CHECKMATE


元ホステスの女性2人から入手したスマホ。
そのスマホ内部に残る削除されたデータを復元処理中の三國。
ノートパソコン3台を駆使して処理している手を止め、夏桜の元にやって来た。

「固まってますね。………いつ頃からですか?」
「ついさっき、………2~3分くらい前かしら?」
「う~ん、ちょっと調べてみますね」
「ありがとうございます、珈琲でいいですか?」
「あ、すみません」

夏桜は三國にパソコンを任せ、珈琲を淹れに向かった。
三國は深呼吸し、カタカタとキーボードを打ち始めた。

珈琲カップを手にして戻ると、三國がちょうど席を立ったところ。

「どうですか?」
「再起動した上で保存ファイルの整理をして、要らない履歴も削除したので、もう大丈夫だと思いますが……。

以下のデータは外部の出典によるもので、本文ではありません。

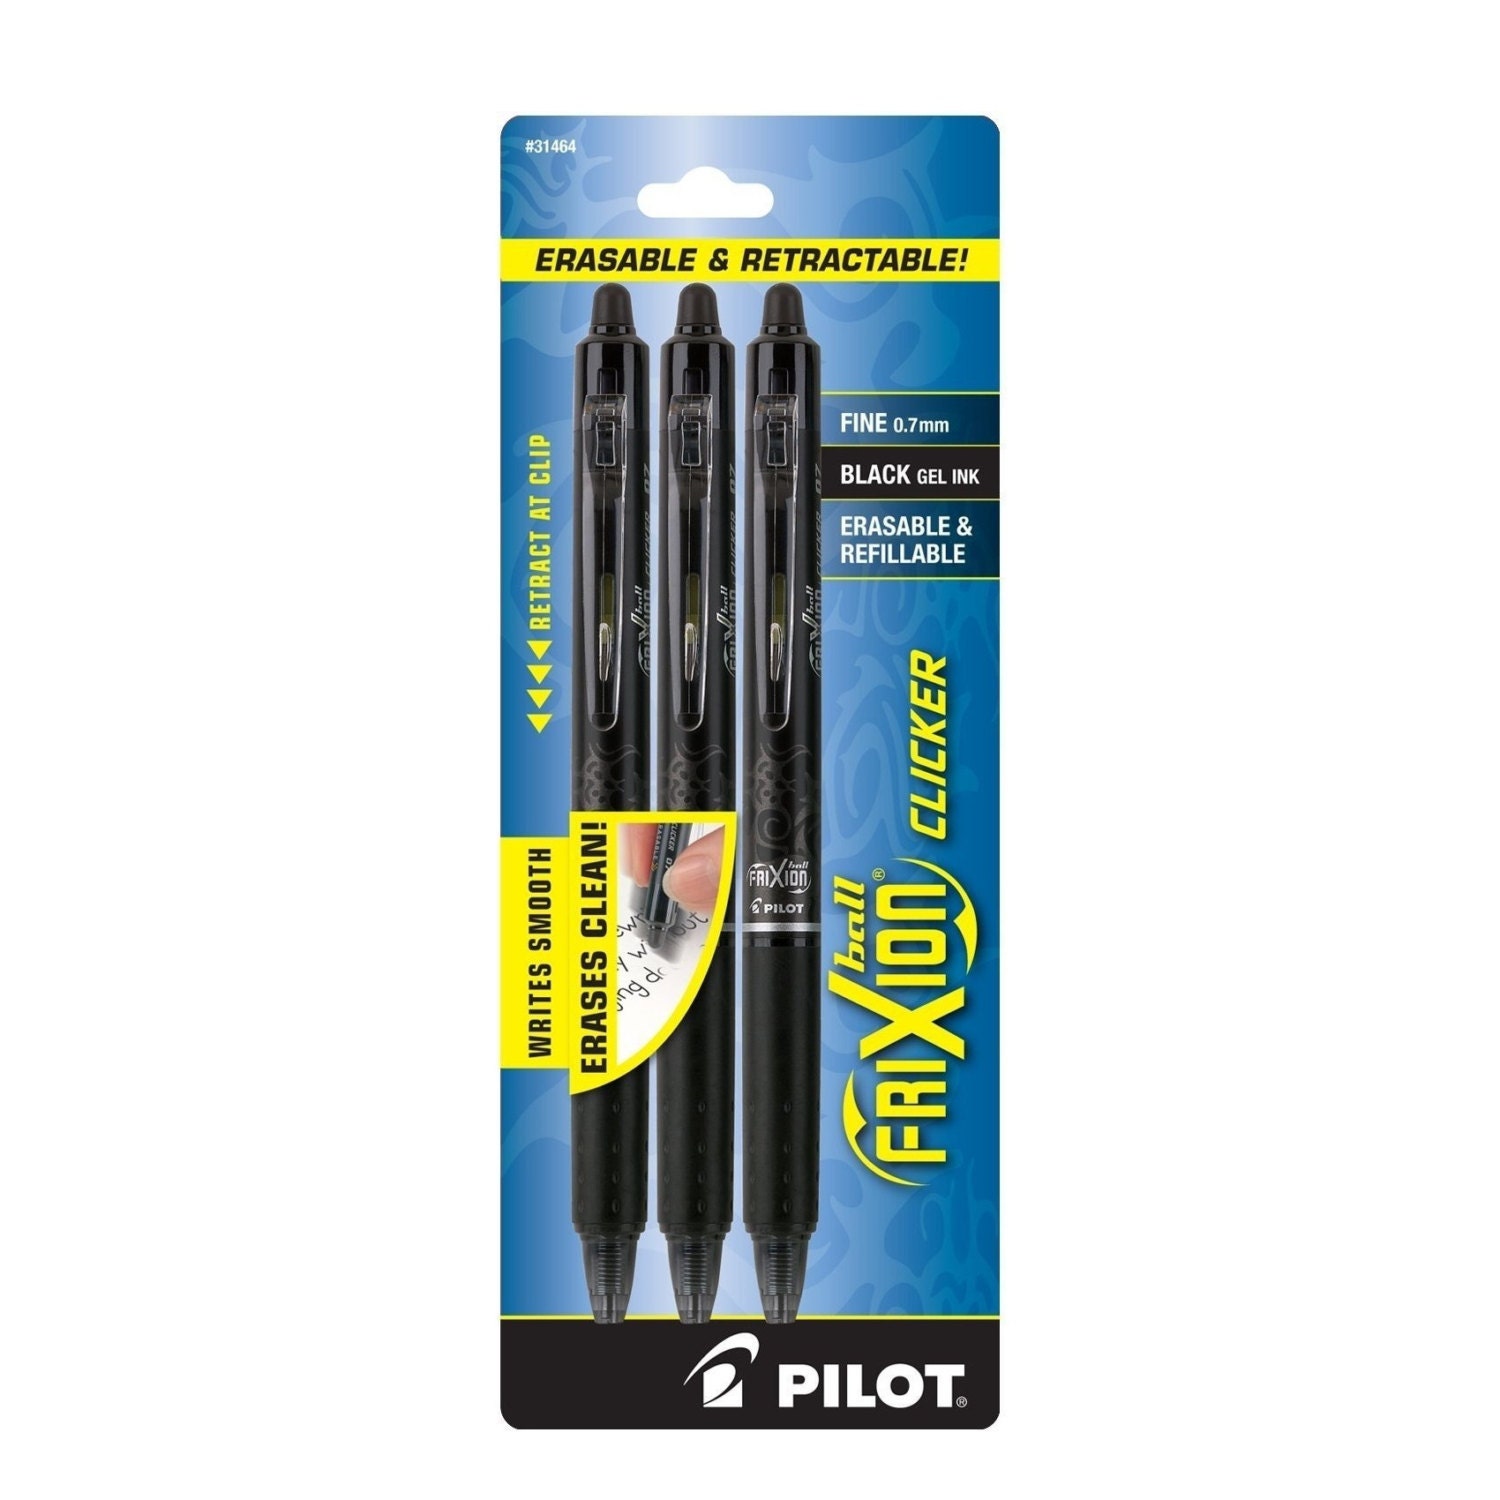 Frixion Clicker Fine Point Pen - Green – Calico Hutch

もし、またおかしくなるようでしたら、倉賀野君に見てもらって下さい。俺なんかより、専門家ですから」
「分かりました、ありがとうございます」
「いえ、大したことしてないですから」
「とんでもない!パソコンはあまり得意じゃないから、ホント助かります」
「東さんでも、苦手なものがあるんですか?」
「そりゃあ、ありますよ」
「例えば?」
「…………内緒ですよ?私、犬が大の苦手なんです」
「犬ですか?………チワワみたいな小型犬でも?」
「………はい。猫と違って、吠えながら近寄って来るじゃないですか、結構なスピードで」
「まぁ………そうですね」
「警察犬みたいに大人しくてじっとしてる犬なら何とかなるんですけど、吠えたり暴れたりする犬は怖くて……」
「それって、………トラウマとか?」
「まぁ、そんなところです」

苦笑した夏桜は珈琲に口を付け、自嘲気味に話し始めた。

「幼少期に隣の家で飼っていた大型犬に足をガブっと噛まれたの」
「えっ?!それじゃあ、仕方ないですよね……」

夏桜はズボンの裾をほんの少し捲り上げ、下脛部分に残る傷痕をチラッと見せた。
そこには、少し抉られたような傷痕があった。